Search Engine Advertising 101 (Part 1)

[fa icon="calendar"] Jan 26, 2015 5:42:00 PM / by Jeff Thomas

the basics about search engine advertising

In spite of the fact that virtually everyone who uses a computer these days has seen it, there are still a lot of folks who don't really understand what search engine advertising (SEA) is. Many more know what it is, conceptually, but don't really understand how it works. I've been a big fan of SEA for well over a decade, and have seen it do some amazing things for profitability. I've also seen it done very poorly, and in those cases, it can result in big waste of money, typically when the advertiser doesn't understand how it works or is impatient with the process.

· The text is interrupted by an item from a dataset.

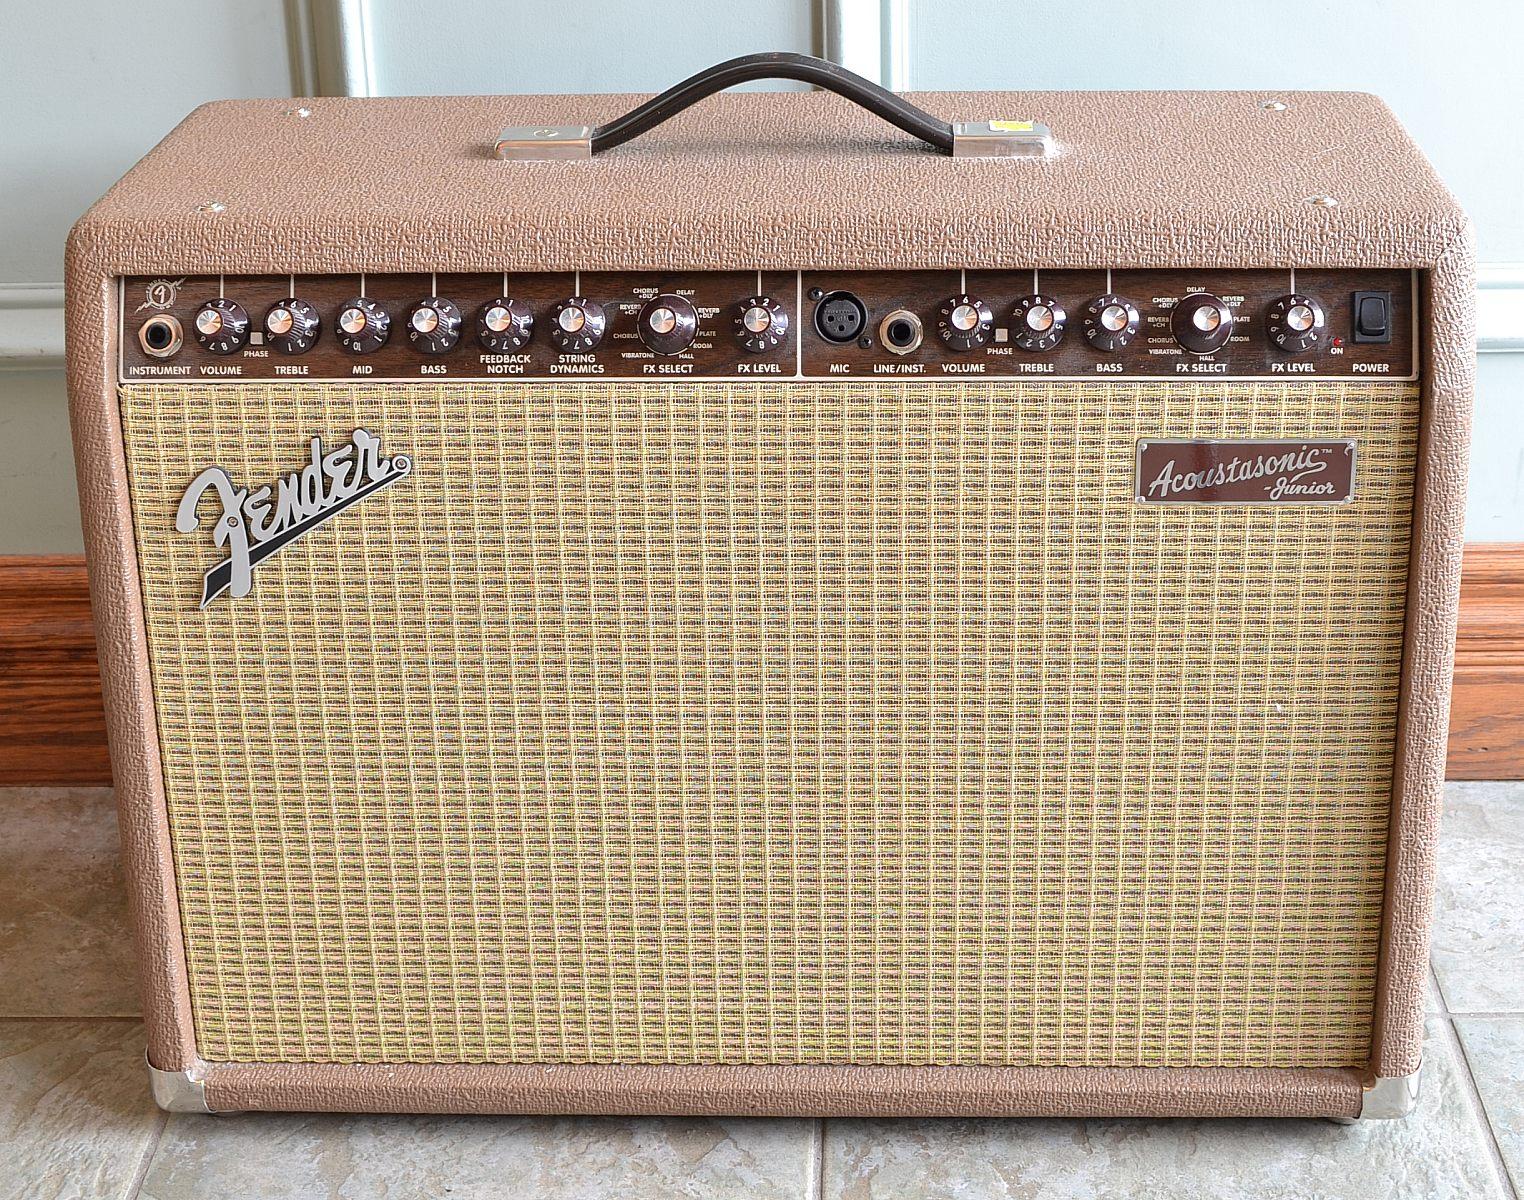 fender acoustasonic jr dsp used sold the twelfth fret guitarists 39 pro shop
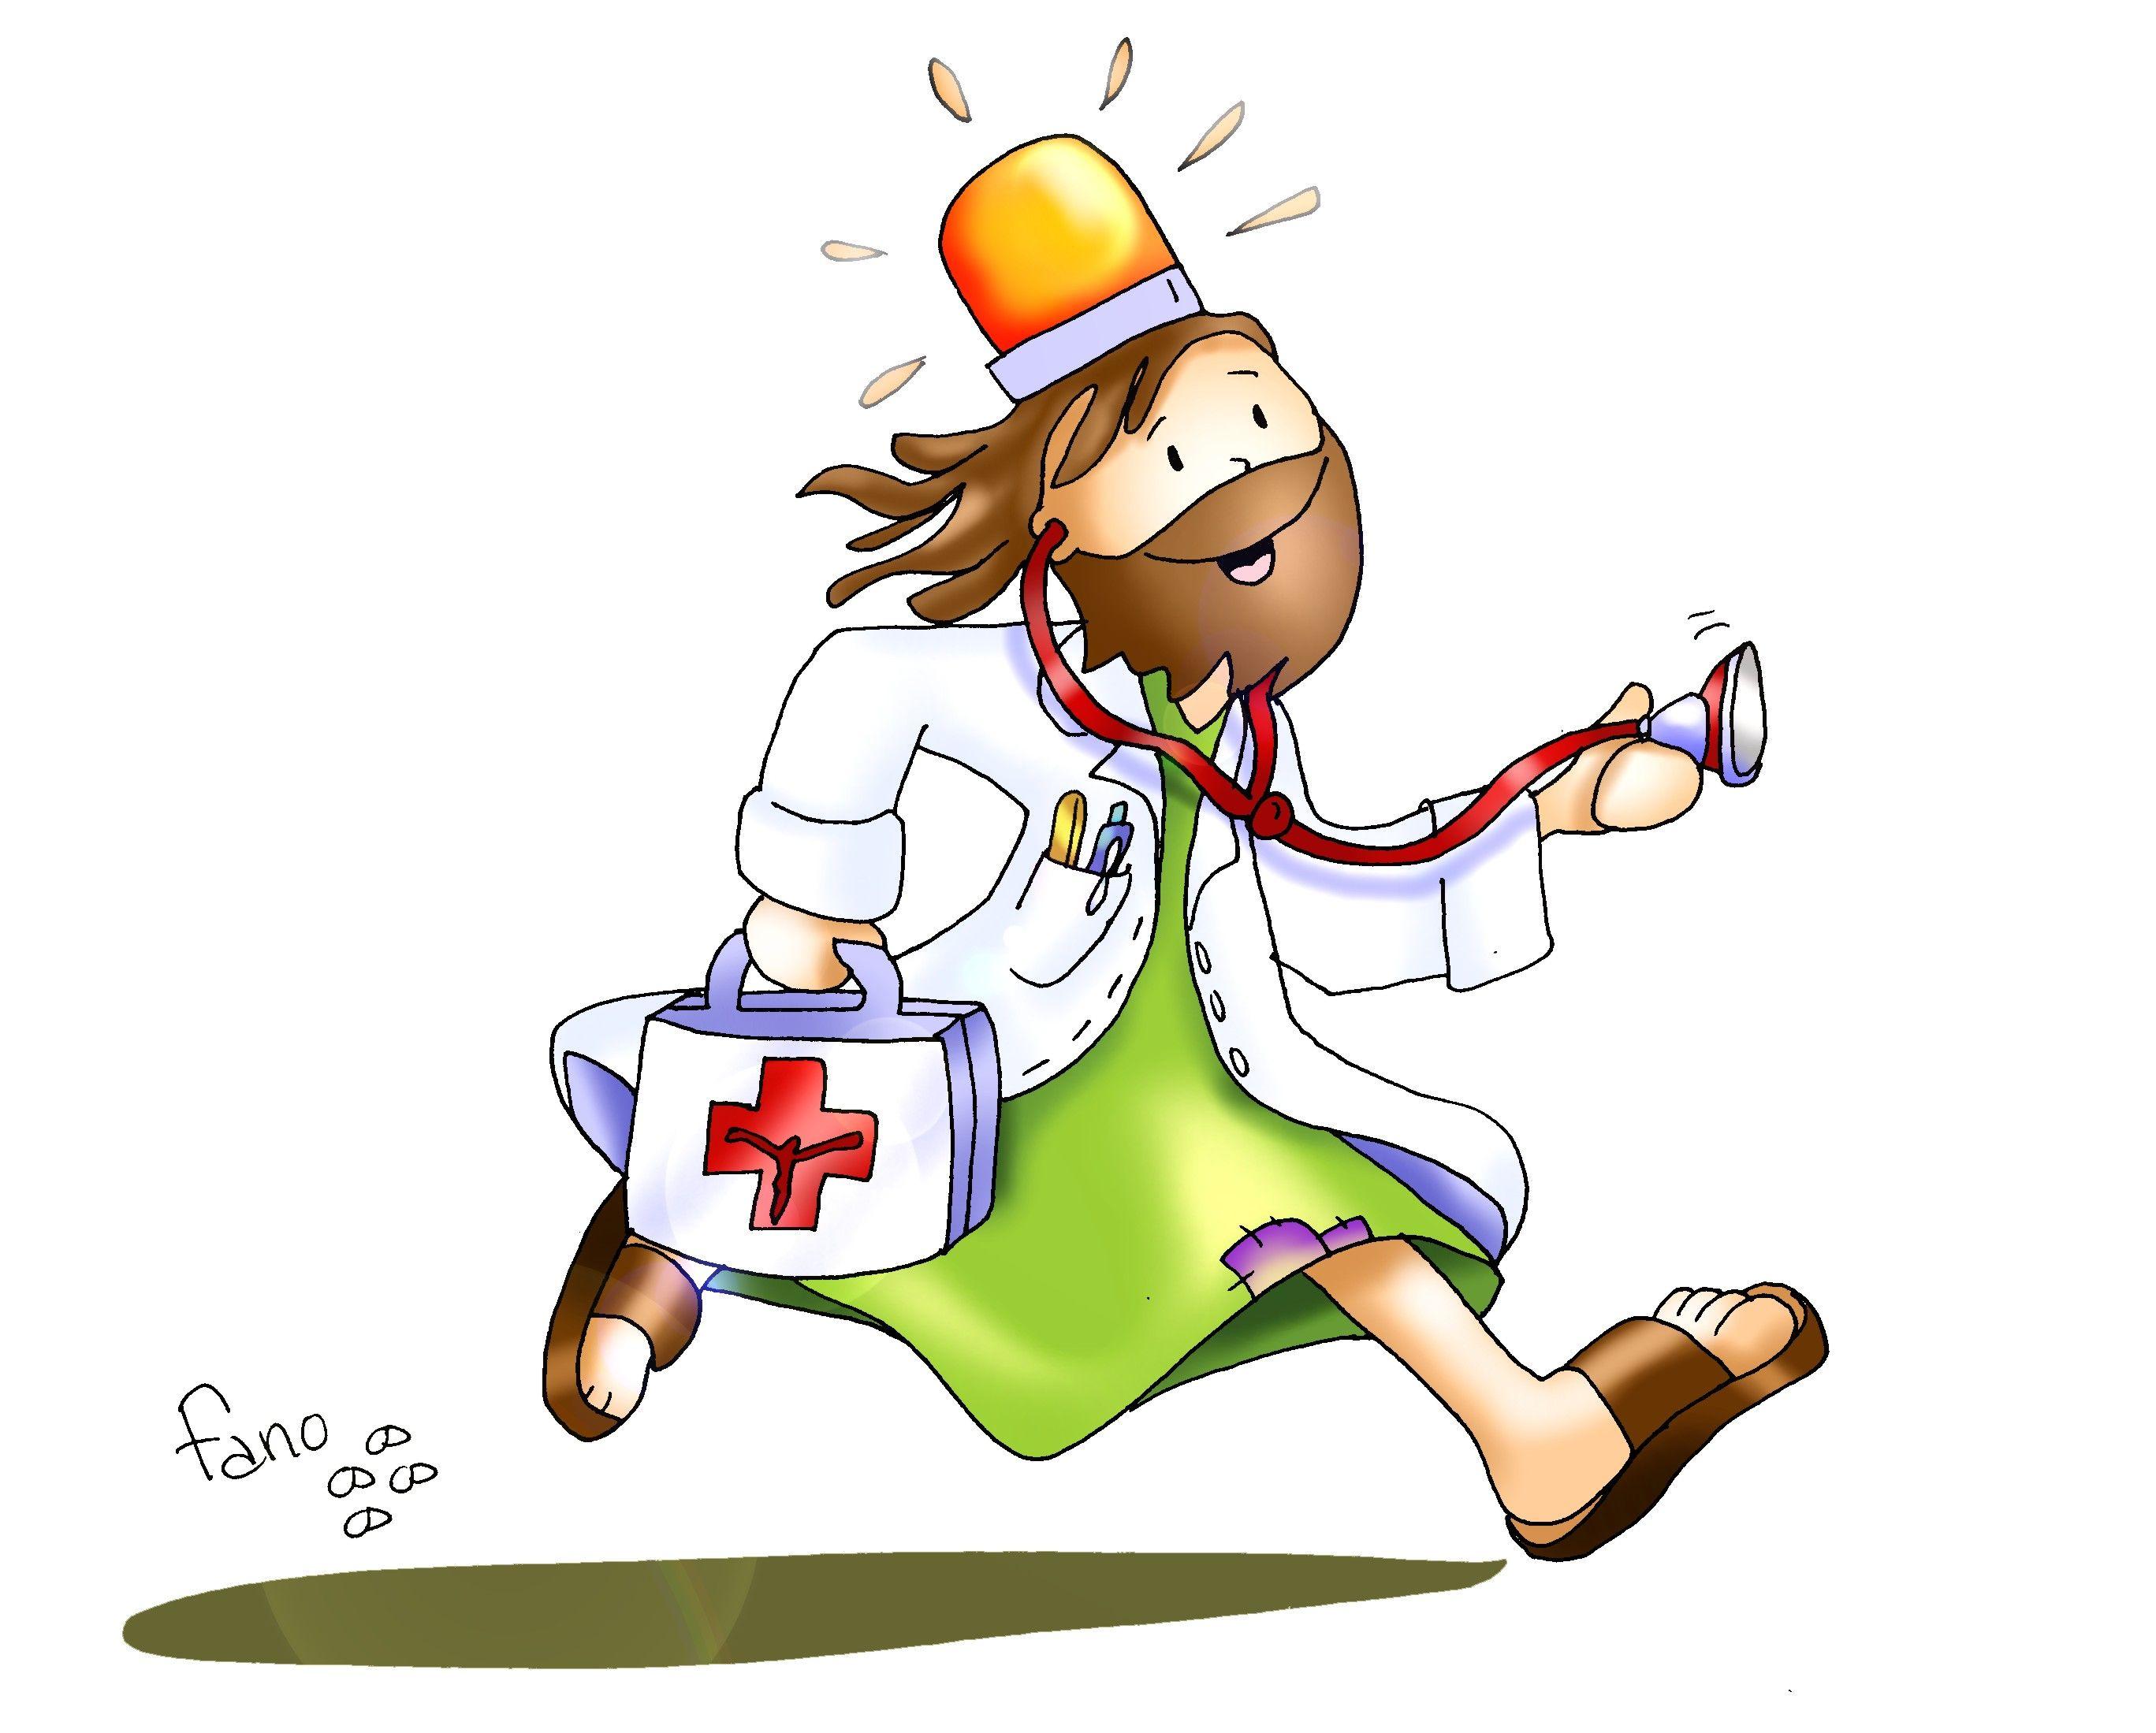 Sacerdote, sanitario del alma

Search engine advertising is most readily seen as those postage-stamp sized text ads that you see on the side of search engines. You will also see these "sponsored ads" or "sponsored links" on other non-search engine websites.  Regardless of what you call the ads, they are presented by search engine technology like Google and Yahoo! and Bing, and the advertiser typically pays by the click.

Unlike most other forms of advertising, the great thing about search engine advertising is that you only pay for it when it "works." With other forms, you pay to run the ad for a period of time regardless of how many prospective customers actually see or respond to the ad. But with search engine advertising, you only pay for the ad when someone not only sees the ad, but actually takes action, e.g. he/she clicks on the ad and goes to your website. The practice is called pay-per-click. As the advertiser, you decide what your budget is (how much you're willing to spend per day) and how much per click you're willing to spend (what is the maximum amount you want to pay for someone to come to your website).  As the advertiser, you create the ad text, choose the keywords that best describe your product (or those keywords that searchers are likely to be using when you want your ad to show up), and determine your budget and maximum cost-per-click. With this criteria, search engine technology presents the ads to the searcher who submits a relevant search.

One of the things that makes search engine advertising so effective is that, unlike other forms of traditional advertising, your ad is being presented to someone who is actively LOOKING for what you're selling.  So in essence, you're already presenting your ad to a qualified lead. 

To sum up... you're presenting your ad to folks who are actively looking for what you sell, and you only pay for it when they bite.  How cool is that?